My personal experience with Renaissance Faires is limited.  As in, Spokane made three total.  However I feel completely qualified to assert that a more picturesque location than that of the Spokane Faire could scarce be found.  Steep rolling mountainsides clad in dark green firs and brilliant gold and red autumn foliage surround an idyllic little valley, where the Faire sets up camp in a wide meadow.  There is no running water, no electricity.  Just birds singing and people laughing (in English accents, of course) and the scent of horses and pine trees.  It’s pretty perfect, yeah.

We were quickly given our assignment for the day: manage all four of their stages for the duration of the day.  That meant making sure that none of the performers were double-booked, that they all were present and prepared ten minutes before they went on, and that they were all kept in high medieval spirits.

Easy enough.

That was before all the inevitable plot twists occurred, however.  We soon found ourselves faced with underage performers who weren’t sure they could/should perform in the tavern, Magicians who… didn’t appear… belly dancers in need of electricity, and disgruntled gypsies in need of pacification (and may I just say, you have not properly understood the word disgruntled until you are face to face with it in all of it’s dramatic, jingling, flashing, colorful gypsy brilliance.)

And that was all before noon, the first day.

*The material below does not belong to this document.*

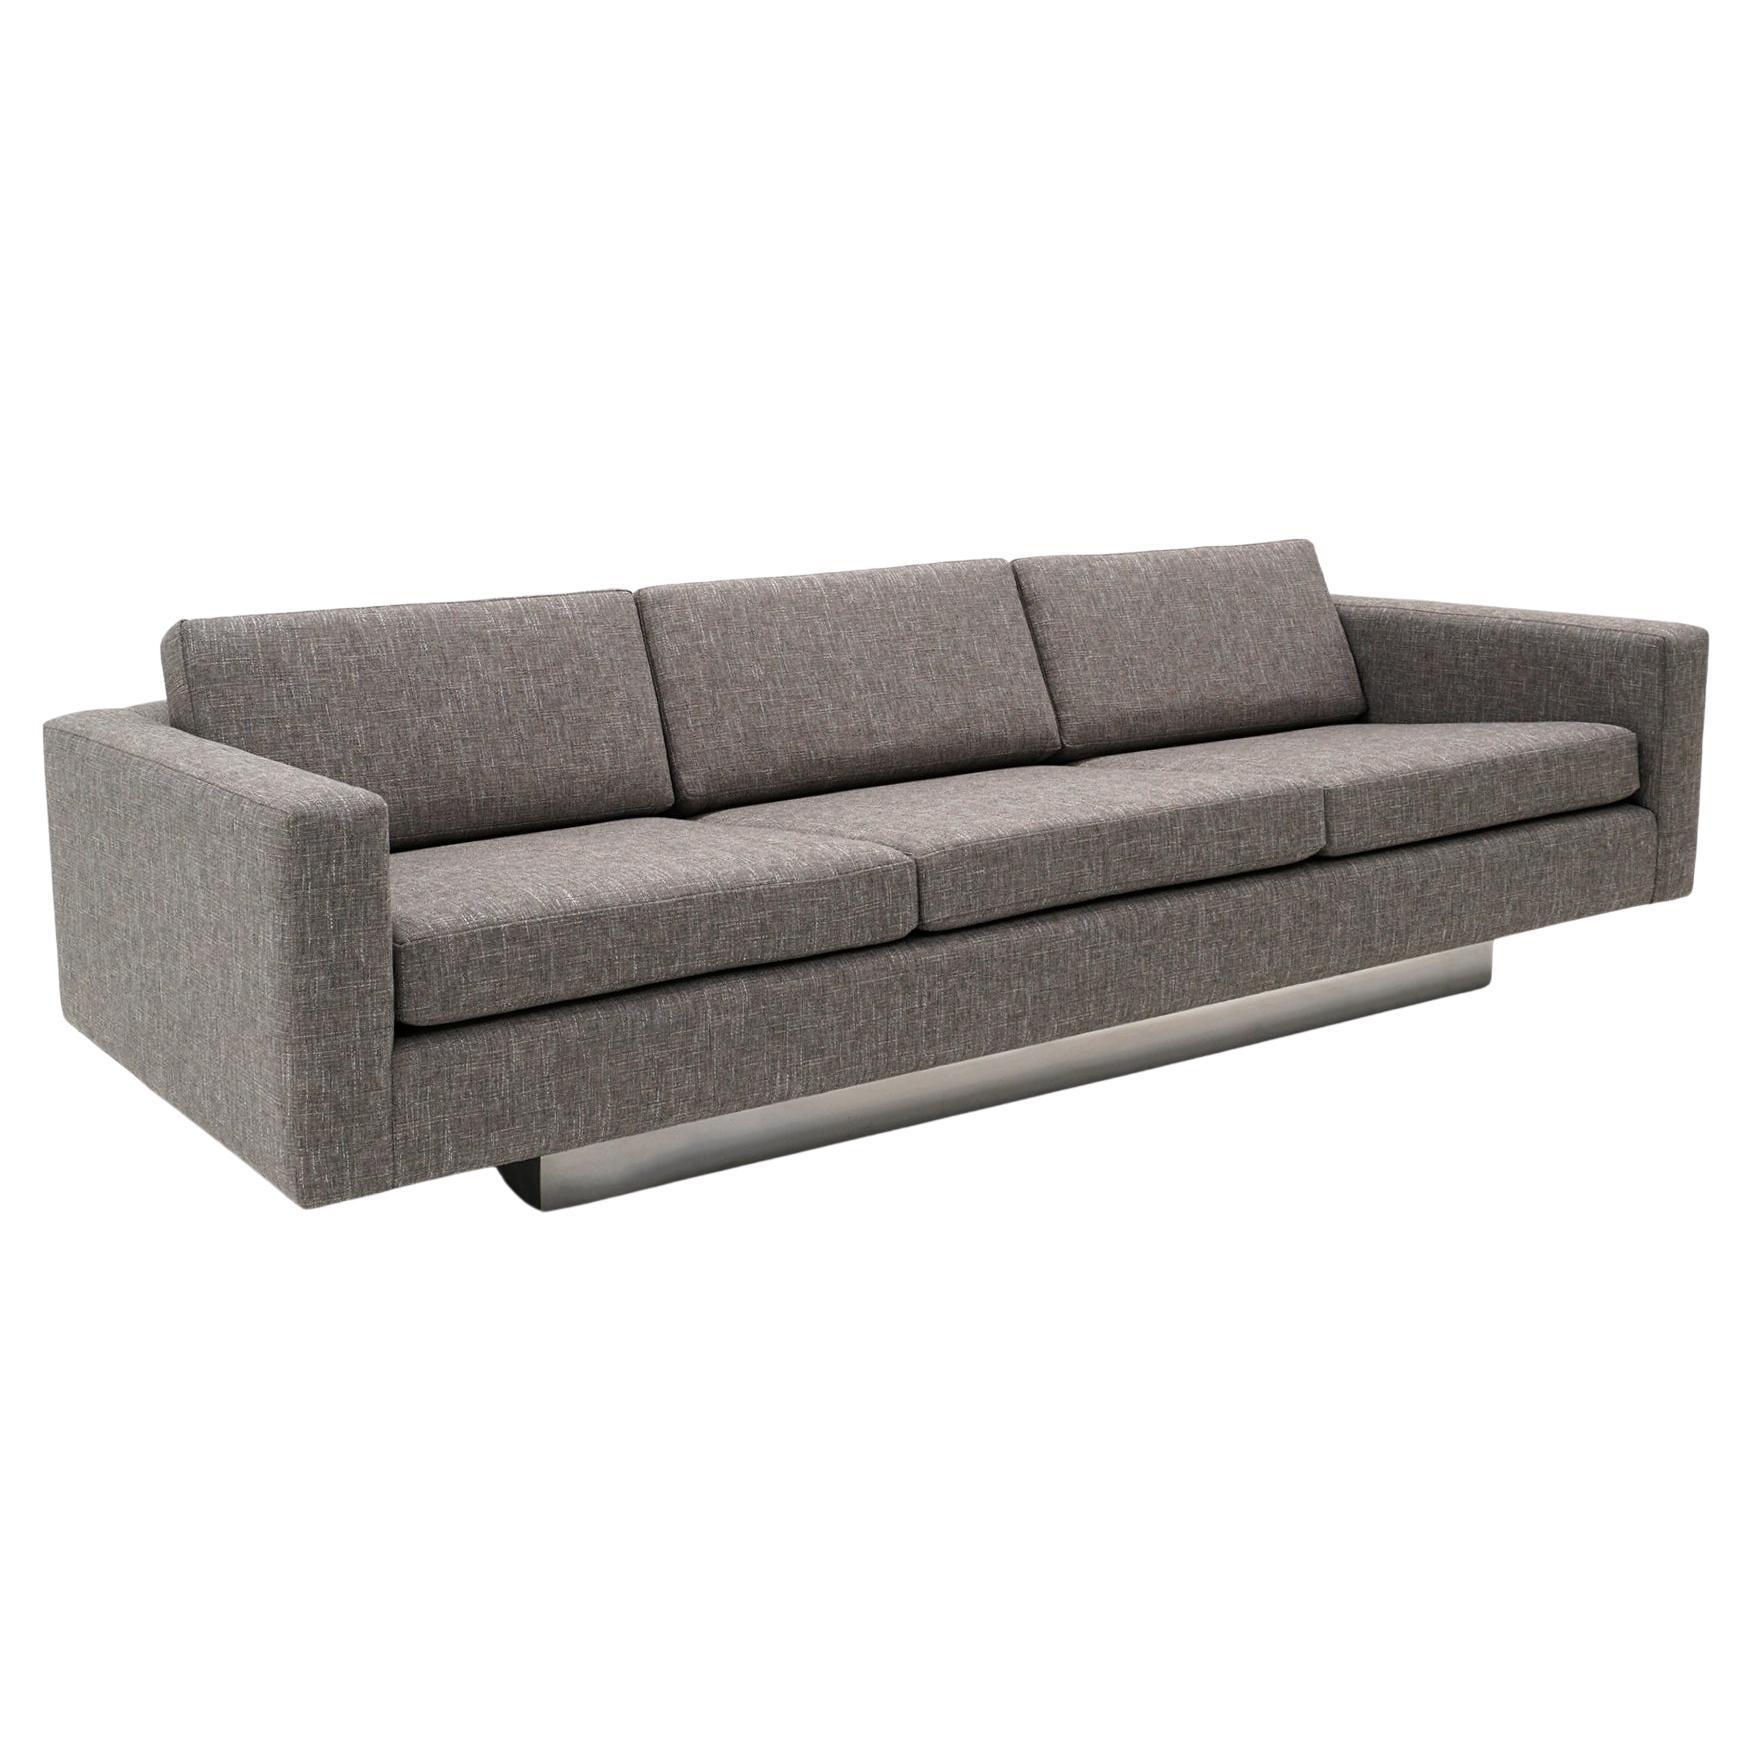 Fachmännisch neu gepolstertes mittelgraues Sofa mit drei Sitzen und Armlehnen, das Harvey Probber zugeschrieben wird.  Ähnlich wie die Entwürfe von Milo Baughman.  Sehr hochwertige Konstruktion, schwer, und sehr komfortabel.  Das Sofa schwebt auf

We spent the two days of the Faire learning alongside our performers about stage management.  We ran up the steep hill to the tavern and back down countless times (and not for the ale), swapped performers and adjusted schedules and held a hundred hasty conferences.  We grew sun burnt and footsore, gobbled delicious scones and assisted bee-stung children, and spent hours laughing at the marvelous wit of comedy troupes, being astounded by fire-dancers, and relaxing to the beauty of medieval choral singing.  We saw live mounted knights joust in full armor unhorse one another, were treated to marvelous Celtic music, and enjoyed truly excellent ad-lib acting all throughout the Faire.

All this, while making new friends, exploring the Faire during our breaks, reveling in the lively atmosphere, and being treated with appreciation and respect by the people we’d come to work with.

The feeling of enjoyment and camaraderie which we experienced throughout the weekend among the cast and crew culminated with an end of Faire gathering up in the Tavern on the hill, with wild Celtic music, dancing, drinking, and laughter!  The Directors thanked their cast and crew and entertainers profusely, and there was time for anyone who wished to share their best memories of the weekend—which finally had to be cut off after a half hour because, well, we just all had SO MANY good memories!

For myself, it was the most positive, truly inspiring Faire experience I’ve yet had.  Our group was treated with such hospitality and generosity that it’s hard to overstate it.  The Faire is relatively small and new, but it has wonderful atmosphere, excellent variety of entertainment and merchants/vendors, and the crew really seemed to pull together and have fun, and that is what makes a Renn Faire wonderful for the patrons!

Most of all, our little group of six had an opportunity to work together, and to walk away from it feeling we had learned, we’d grown, we’d done our job well, and we knew each other and liked each other even more!

We were invited to come back and do it again this coming Fall, and I wouldn’t miss it for the world!